The visual makes time complexity tangible. Linear search would check each element in order: at worst, it visits all 20 positions. Binary search visits at most 5. The difference isn't merely 4x faster — it's the difference between visiting every element and visiting only the square root of that number in logarithmic terms.

// Linear search: O(n)
for (let i = 0; i < array.length; i++) {
  if (array[i] === target) return i;
}

// Binary search: O(log n)
// 20 elements → max 5 comparisons
// 1,000,000 elements → max 20 comparisons
// 1,000,000,000 elements → max 30 comparisons
// The logarithm grows agonizingly slowly

Click "Random" to pick a target that exists in the array, then "Run" to watch the count. The comparisons counter will show 3, 4, maybe 5 steps at most — never close to 20. Now imagine the array had a billion elements. Binary search still finishes in at most 30 comparisons. A linear search would visit up to a billion. This is why logarithmic algorithms matter at scale: the cost barely grows even as the input explodes.

Visual Representation

The canvas shows the array as a row of cells. Each cell contains its value. The active range (low to high) is drawn with full brightness. Elements outside the range are dimmed. The midpoint is highlighted in a distinct color. When the target is found, that cell lights up. If the target isn't found, the whole array dims to show the failed search.

function draw() {
  ctx.clearRect(0, 0, canvas.width, canvas.height);
  
  for (let i = 0; i < array.length; i++) {
    const inRange = i >= low && i <= high;
    const isMid = i === mid;
    const isFound = found && i === foundIndex;
    
    // Set color based on state
    if (isFound) {
      ctx.fillStyle = '#22c55e'; // green for found
    } else if (isMid) {
      ctx.fillStyle = '#f59e0b'; // amber for midpoint
    } else if (inRange) {
      ctx.fillStyle = '#14b8a6'; // teal for in-range
    } else {
      ctx.fillStyle = '#374151'; // dim gray for eliminated
    }
    
    drawCell(i, array[i]);
  }
}

The color progression tells the story: bright elements are still candidates, dimmed elements have been eliminated, the amber cell is the current midpoint under examination, and green marks success.
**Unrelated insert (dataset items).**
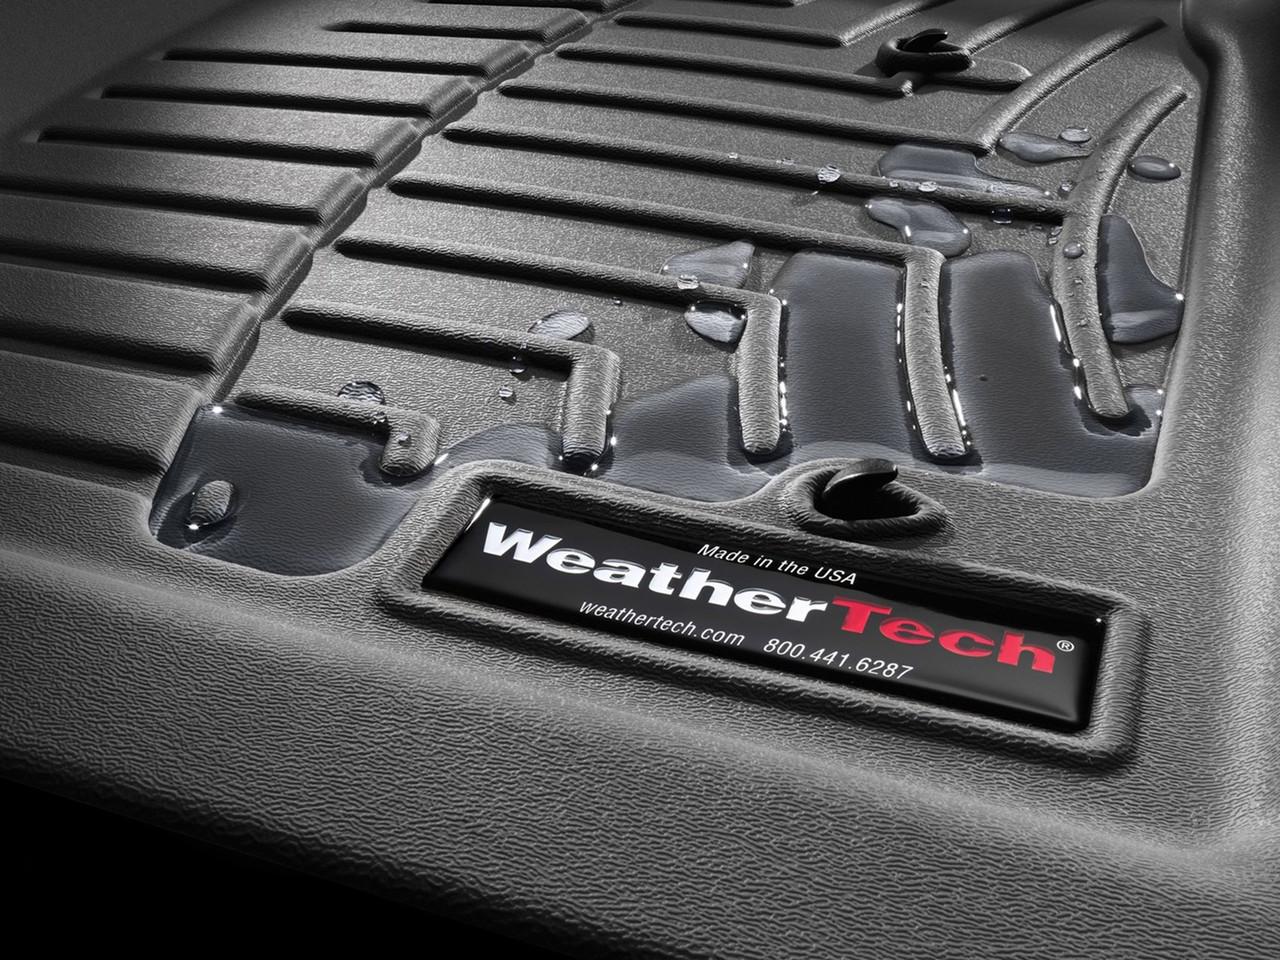 2020-2022 Hyundai Palisade WeatherTech Floor Liners - Close Up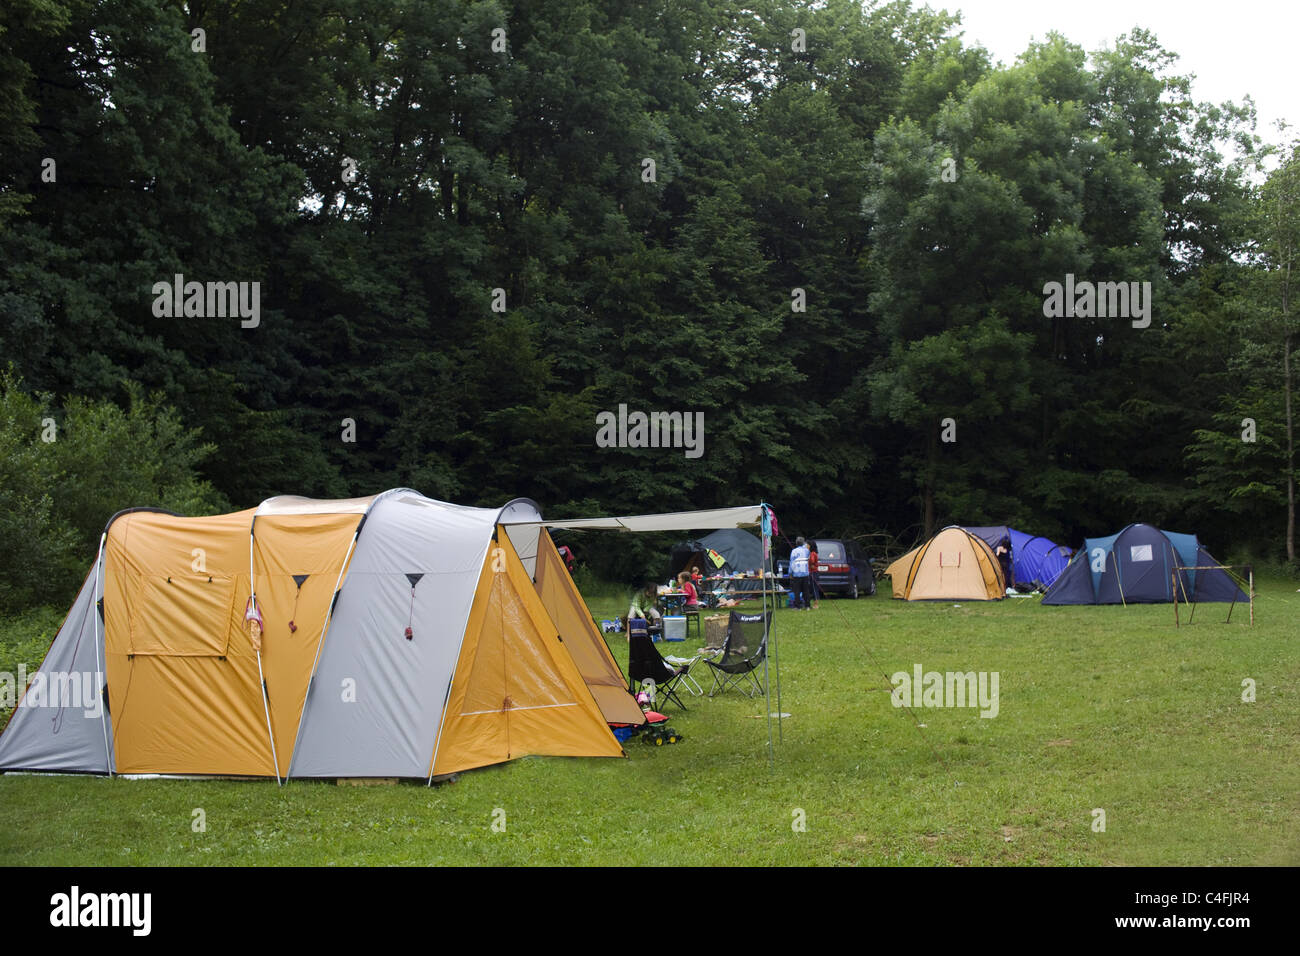 Camping - Stock Image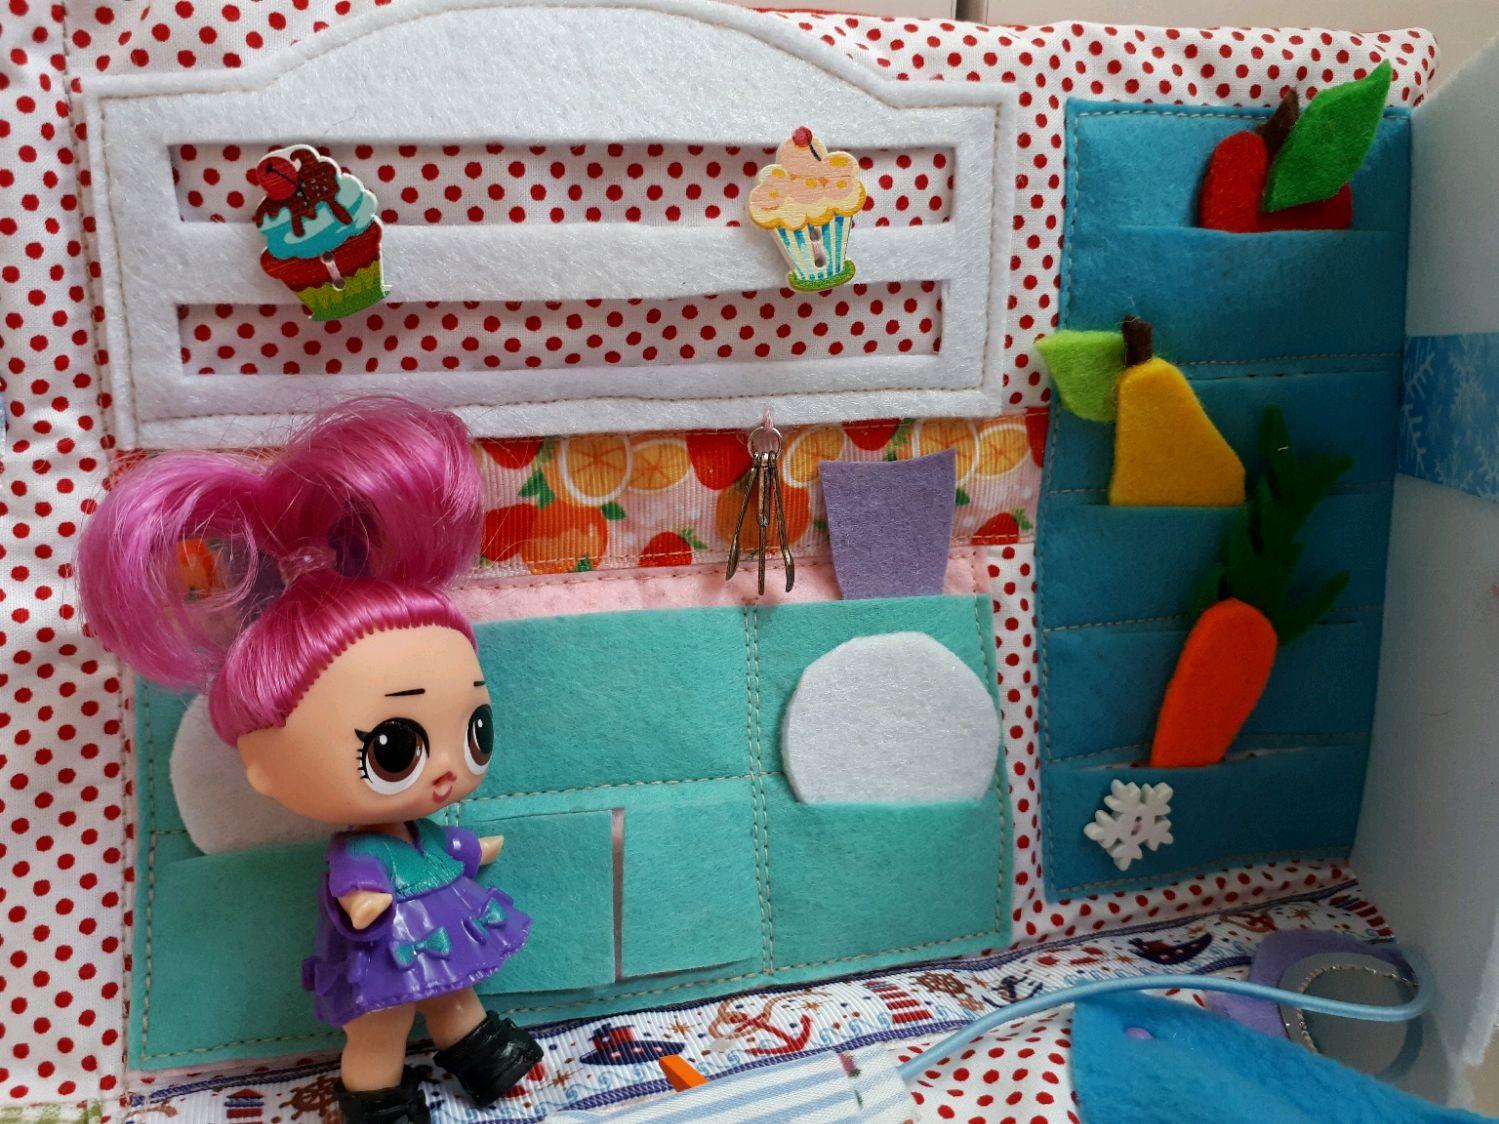 Домик для куклы лол-LOL, Мягкие игрушки, Ялта,  Фото №1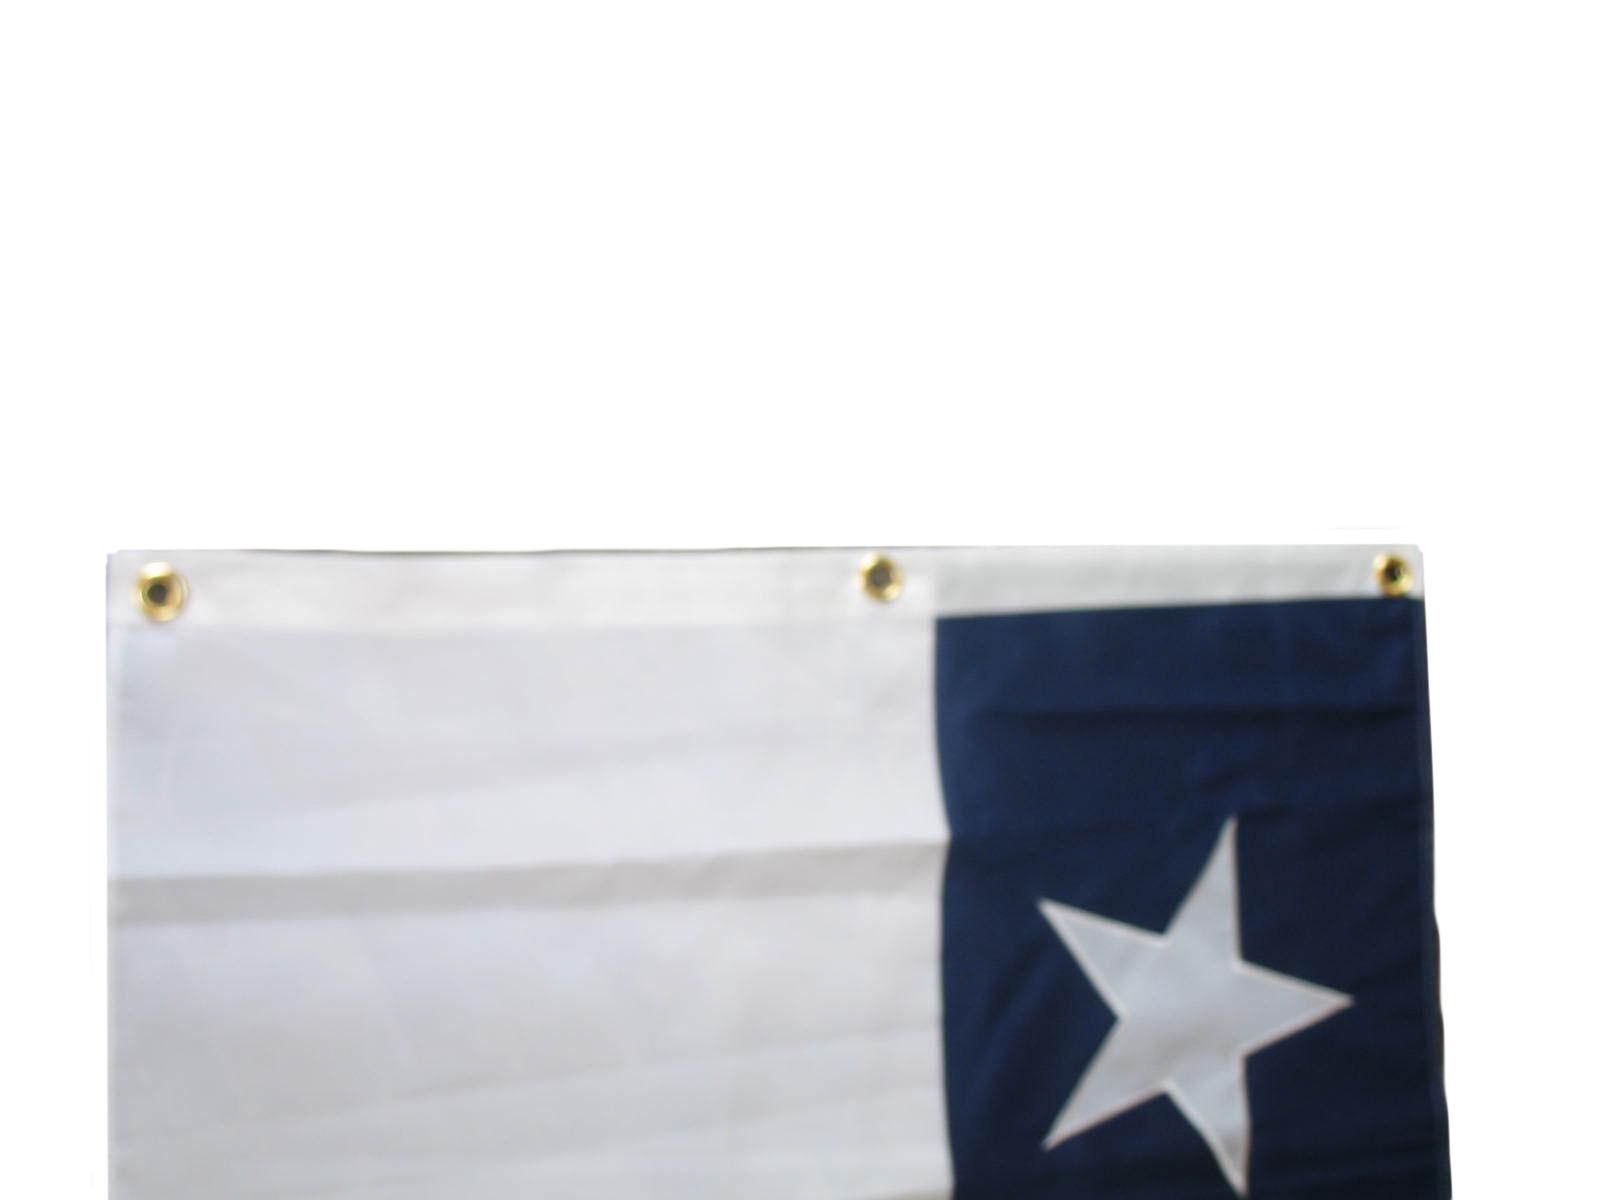 Puerto Rico Light Blue 10x15 Embroidered Sewn 600D Nylon Flag 10/'x15/' Heavy Duty

The visual shrinking of the active range makes the halving tangible in a way that code alone cannot.

What This Reveals

Binary search demonstrates a fundamental principle: logarithmic algorithms stay fast even as input size explodes. The intuition is geometric — each step cuts the problem in half, so the number of steps grows with the logarithm of size, not linearly with size. A billion-element array requires at most 30 comparisons. The visualization makes this concrete by showing exactly how few steps are needed, regardless of where the target hides. But there's a deeper lesson: the power comes entirely from the sorted structure. An unsorted array offers no purchase for halving. The cost of sorting is paid once, then binary search reaps the benefit forever. This is the design tradeoff: invest in structure that enables fast operations, or accept slow operations on unstructured data. Binary search is the canonical example of structure paying dividends.